Start of Block
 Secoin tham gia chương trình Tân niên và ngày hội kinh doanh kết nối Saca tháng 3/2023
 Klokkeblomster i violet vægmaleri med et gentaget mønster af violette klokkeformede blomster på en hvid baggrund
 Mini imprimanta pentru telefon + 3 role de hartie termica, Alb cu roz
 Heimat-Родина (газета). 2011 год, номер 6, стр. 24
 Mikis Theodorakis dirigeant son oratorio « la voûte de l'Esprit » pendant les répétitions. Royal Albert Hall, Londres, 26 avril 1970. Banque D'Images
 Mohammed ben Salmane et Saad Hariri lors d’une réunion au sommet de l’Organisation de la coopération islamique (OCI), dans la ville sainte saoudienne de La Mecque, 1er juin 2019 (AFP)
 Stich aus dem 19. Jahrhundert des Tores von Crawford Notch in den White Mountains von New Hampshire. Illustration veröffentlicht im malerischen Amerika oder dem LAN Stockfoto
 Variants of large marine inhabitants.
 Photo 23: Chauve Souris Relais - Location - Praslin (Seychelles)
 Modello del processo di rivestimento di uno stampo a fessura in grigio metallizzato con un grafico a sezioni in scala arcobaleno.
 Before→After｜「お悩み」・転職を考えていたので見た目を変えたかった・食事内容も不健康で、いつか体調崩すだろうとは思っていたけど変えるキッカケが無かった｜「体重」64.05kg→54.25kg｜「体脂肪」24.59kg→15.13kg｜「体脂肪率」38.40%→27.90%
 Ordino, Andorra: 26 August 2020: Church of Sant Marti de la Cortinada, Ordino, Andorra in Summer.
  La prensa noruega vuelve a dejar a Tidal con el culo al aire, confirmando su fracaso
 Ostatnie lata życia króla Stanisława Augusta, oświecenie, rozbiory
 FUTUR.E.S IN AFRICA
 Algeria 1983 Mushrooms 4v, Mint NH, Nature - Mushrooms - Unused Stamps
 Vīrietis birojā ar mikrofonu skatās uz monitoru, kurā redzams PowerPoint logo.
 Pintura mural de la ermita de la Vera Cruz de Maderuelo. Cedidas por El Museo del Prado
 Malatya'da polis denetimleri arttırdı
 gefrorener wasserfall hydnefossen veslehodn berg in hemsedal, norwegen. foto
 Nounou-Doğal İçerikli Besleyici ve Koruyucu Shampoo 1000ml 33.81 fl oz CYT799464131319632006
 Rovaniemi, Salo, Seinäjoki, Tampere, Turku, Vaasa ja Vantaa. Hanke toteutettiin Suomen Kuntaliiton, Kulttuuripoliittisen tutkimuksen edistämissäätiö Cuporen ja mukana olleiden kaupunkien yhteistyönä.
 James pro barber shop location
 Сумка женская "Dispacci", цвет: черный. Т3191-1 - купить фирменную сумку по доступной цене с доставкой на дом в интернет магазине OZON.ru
End of Block
DESCRIPTION OF THE TASK
Restate the data above exactly, keeping each word as it stands.

TASK RESPONSE
 Secoin tham gia chương trình Tân niên và ngày hội kinh doanh kết nối Saca tháng 3/2023
 Klokkeblomster i violet vægmaleri med et gentaget mønster af violette klokkeformede blomster på en hvid baggrund
 Mini imprimanta pentru telefon + 3 role de hartie termica, Alb cu roz
 Heimat-Родина (газета). 2011 год, номер 6, стр. 24
 Mikis Theodorakis dirigeant son oratorio « la voûte de l'Esprit » pendant les répétitions. Royal Albert Hall, Londres, 26 avril 1970. Banque D'Images
 Mohammed ben Salmane et Saad Hariri lors d’une réunion au sommet de l’Organisation de la coopération islamique (OCI), dans la ville sainte saoudienne de La Mecque, 1er juin 2019 (AFP)
 Stich aus dem 19. Jahrhundert des Tores von Crawford Notch in den White Mountains von New Hampshire. Illustration veröffentlicht im malerischen Amerika oder dem LAN Stockfoto
 Variants of large marine inhabitants.
 Photo 23: Chauve Souris Relais - Location - Praslin (Seychelles)
 Modello del processo di rivestimento di uno stampo a fessura in grigio metallizzato con un grafico a sezioni in scala arcobaleno.
 Before→After｜「お悩み」・転職を考えていたので見た目を変えたかった・食事内容も不健康で、いつか体調崩すだろうとは思っていたけど変えるキッカケが無かった｜「体重」64.05kg→54.25kg｜「体脂肪」24.59kg→15.13kg｜「体脂肪率」38.40%→27.90%
 Ordino, Andorra: 26 August 2020: Church of Sant Marti de la Cortinada, Ordino, Andorra in Summer.
  La prensa noruega vuelve a dejar a Tidal con el culo al aire, confirmando su fracaso
 Ostatnie lata życia króla Stanisława Augusta, oświecenie, rozbiory
 FUTUR.E.S IN AFRICA
 Algeria 1983 Mushrooms 4v, Mint NH, Nature - Mushrooms - Unused Stamps
 Vīrietis birojā ar mikrofonu skatās uz monitoru, kurā redzams PowerPoint logo.
 Pintura mural de la ermita de la Vera Cruz de Maderuelo. Cedidas por El Museo del Prado
 Malatya'da polis denetimleri arttırdı
 gefrorener wasserfall hydnefossen veslehodn berg in hemsedal, norwegen. foto
 Nounou-Doğal İçerikli Besleyici ve Koruyucu Shampoo 1000ml 33.81 fl oz CYT799464131319632006
 Rovaniemi, Salo, Seinäjoki, Tampere, Turku, Vaasa ja Vantaa. Hanke toteutettiin Suomen Kuntaliiton, Kulttuuripoliittisen tutkimuksen edistämissäätiö Cuporen ja mukana olleiden kaupunkien yhteistyönä.
 James pro barber shop location
 Сумка женская "Dispacci", цвет: черный. Т3191-1 - купить фирменную сумку по доступной цене с доставкой на дом в интернет магазине OZON.ru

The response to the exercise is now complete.